Mobile matters. It matters as a news source and distribution channel. It matters as a payment system. It matters as a marketing platform. It matters as an organizing tool. Yes, I know the "to text donate or not question" is complicated in and of itself. Sadly, it is also too simple a question.

*(Noting that more and more nonprofits are being born on mobile phones - e.g., Ushahidi, The Extraordinaries)

8 comments:

Anonymous said...

So to paraphrase what Charlene Li was saying two years (Social Networks will be like "air") - are you saying that mobile will be like air? Let me push back, are there instances when nonprofits should not be so enamoured with mobile?

Wonder what we'll be saying when mobile its the trough of disilluissionment?

Lucy Bernholz said...

Thanks for writing in. There will, no doubt, be a trough of disillusionment for mobile. BUT, mobile phones as access to the cloud are not going away. The bigger short term problem is that there is not one easy on ramp from Mobile - your android phone uses different apps then my iPhone then someone else's windows mobile. That is a huge problem for everyone, not just nonprofits - Zittrain claims it to be the end of the internet as we know it.

As Americans catch up to the parts of the world that are already primarily accessing the internet via mobile being accessible via mobile will be critical.

Lucy

Wendy Harman said...

I love the question "what matters about mobile" much more than "how do I sign up for mobile giving?"

There are so many more opportunities for nonprofits to fulfill their missions more impactfully via mobile (just like with social media tools). I love all the conversations starting to emerge around the idea that this could be more than fundraising (just like with social media tools).

Lucy Bernholz said...

Thanks Wendy!

Lisa Colton said...

Great post. In the coming months and years as everyone jumps on the mobile bandwagon, I expect the space will start to get crowded just like everything else.

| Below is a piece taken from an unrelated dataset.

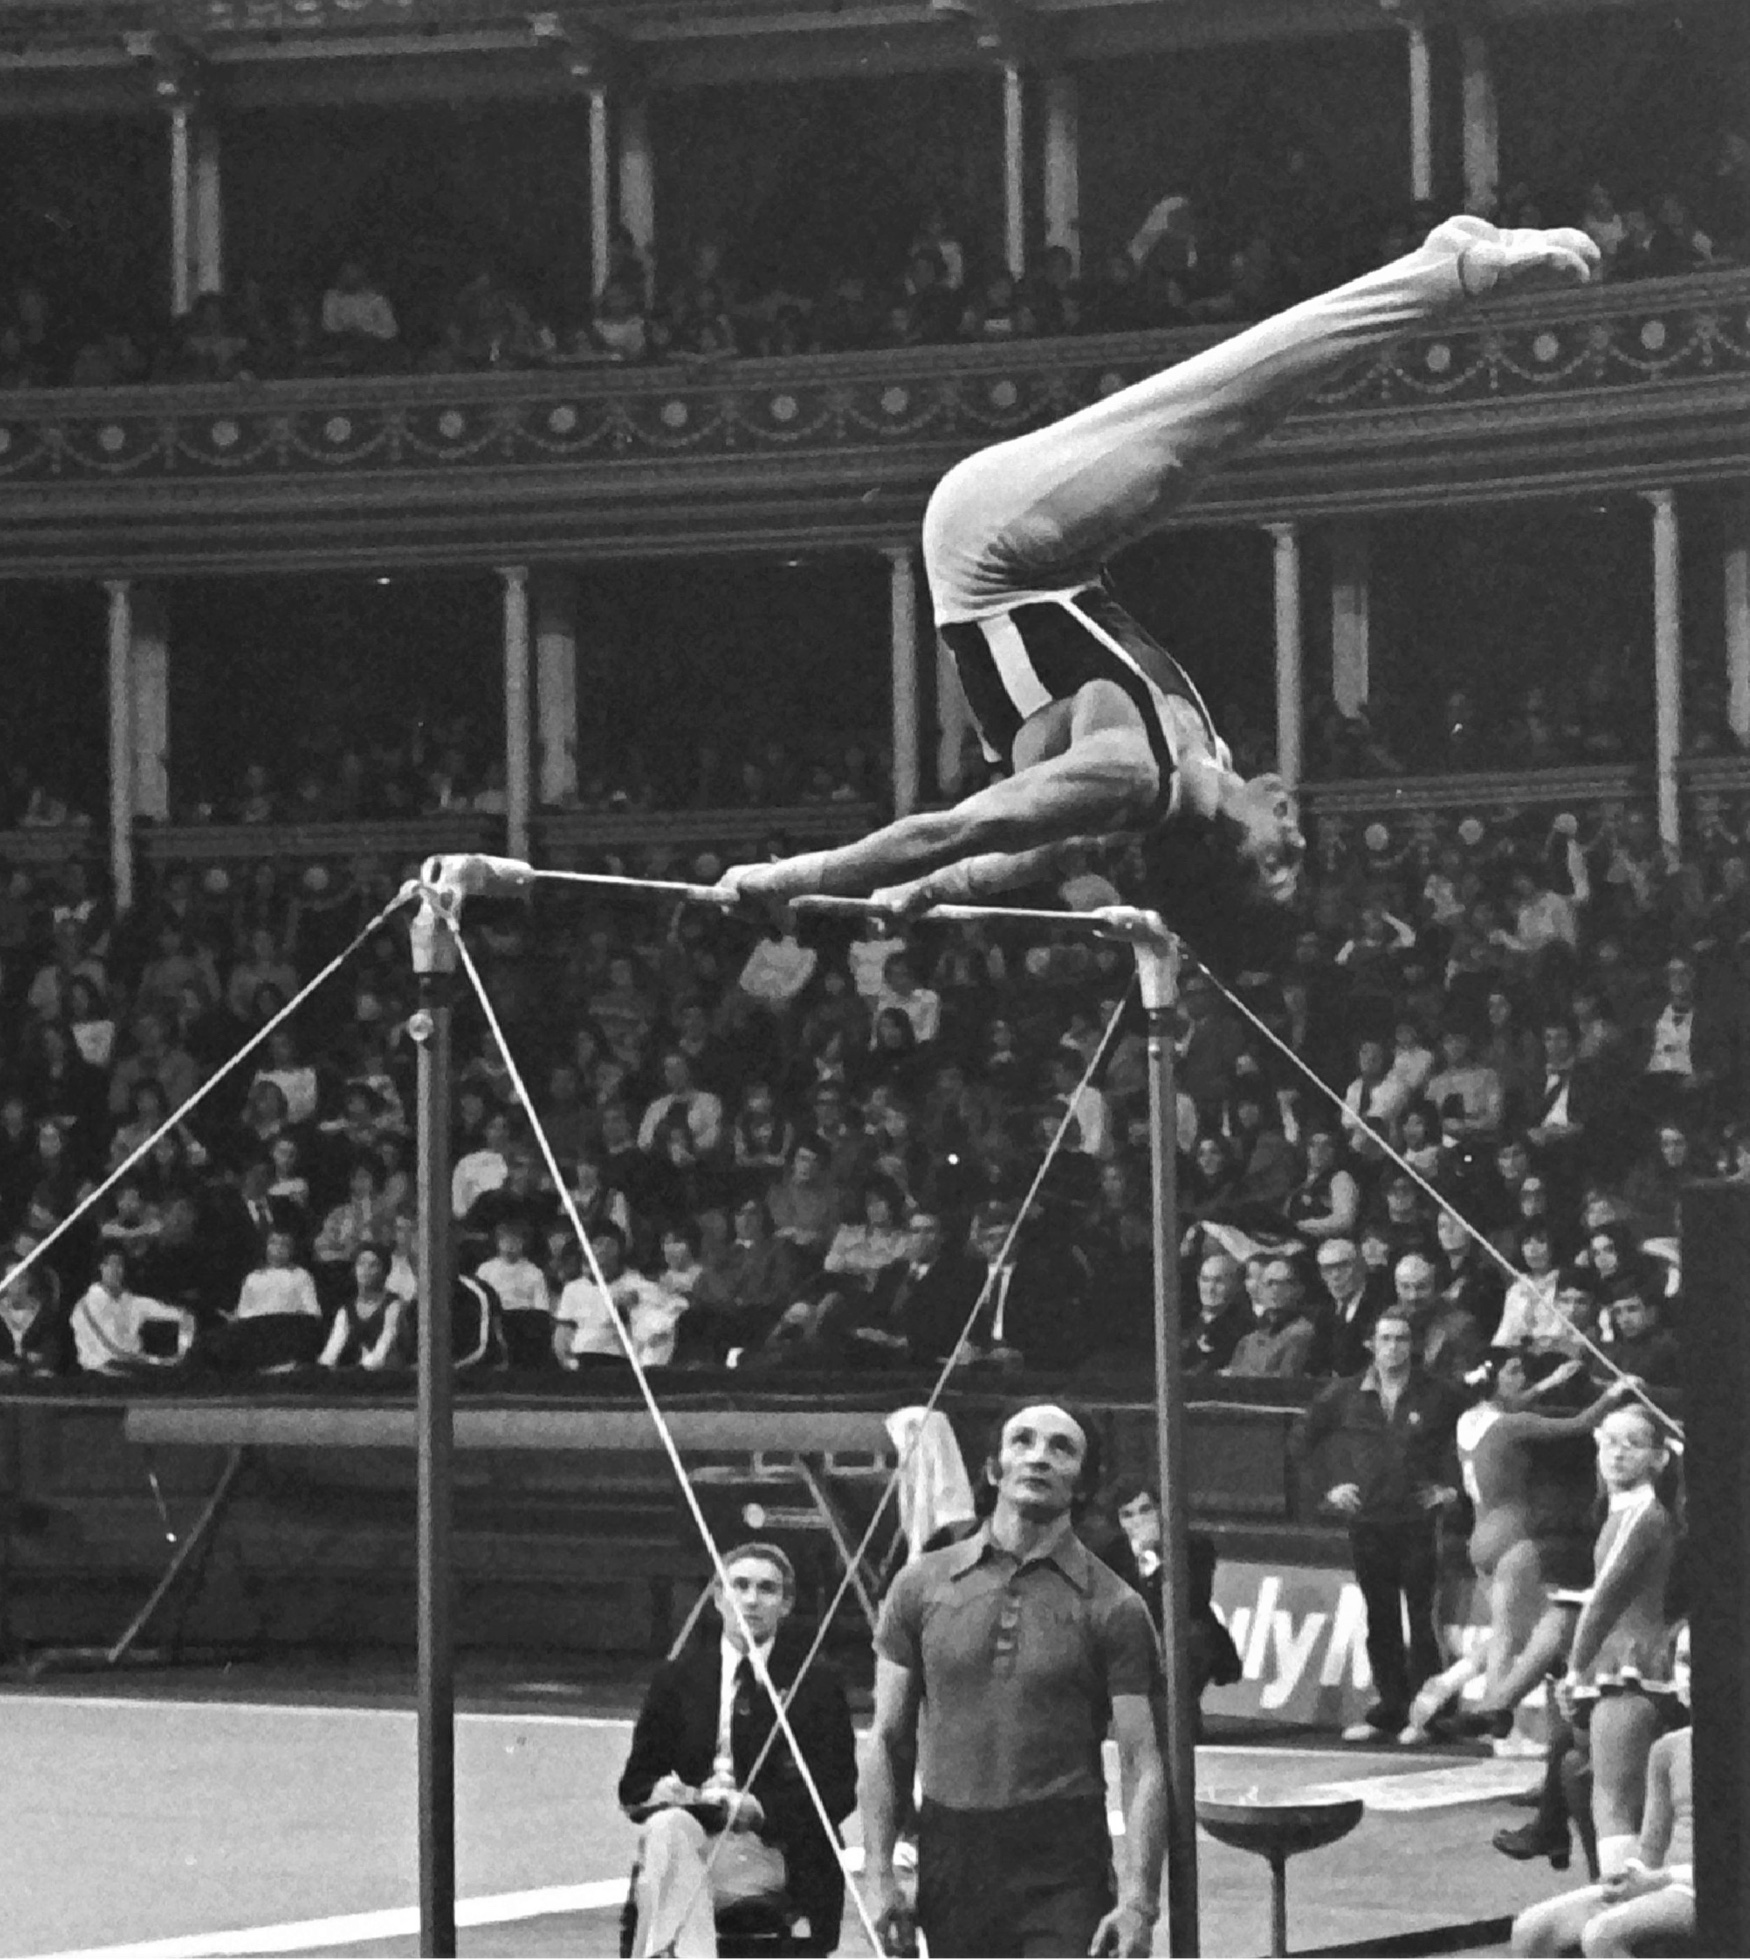 Jeff competing in the Champion’s Cup on High Bar at the Albert Hall in 1976 with coach Dick Gradley. He won this event in this year and again in 1980

What can proactive nonprofits do now to make sure we build and maintain trust, and use this opportunity in ways that will position us for long-term success?

Also, do you know any firms/developers that specialize in helping nonprofit imagine and design (not just build) great mission-centric apps?

Lucy Bernholz said...

Lisa
Thanks for writing in. Tim Ogden has a good piece in this month's issue of Alliance Magazine about the kinds of conversations that we should anticipate as we move to mobile, and the expansion of what he calls Peer to peer philanthropy - P2PP. I don't know if it is online yet - it is out in the print edition

http://www.alliancemagazine.org/

As for firms to help design the app - Zoetica comes to mind as a possibility. Others? Anyone?

Lucy

Geoff_Livingston said...

As a Zoetica cofounder, we do help conceptualize, but don't build apps. It's a strategy play for us. There are many, many great developers who build fantastic apps. Adobe is actually coming out with a solution that will allow for Android and iPhone app development simultaneously (SP?), dramatically reducing costs.

Lucy: As someone who has had a history as a wireless reporter dating back 15 years now,I'd have to say the thing that most people don't get about mobile is it's unique properties as a stand alone medium. The screen size creates new behavior patterns...

We have finally hit a smartphone diffusion point where this matters. In turn this creates a fantastic new world of apps, which we as nonprofit communicators are just beginning to wrestle with.. It's the new frontier.

Unknown said...

Location is definitely good - although I do think Beth's 'air' comment is valid. It seems to me that mobile giving is evolving:

- Clearly TXT campaigns work in a crisis
- How do we evolve to day-to-day use?

I agree with Artez that mobile display is key as is increasing the % of donations that actually go to the cause.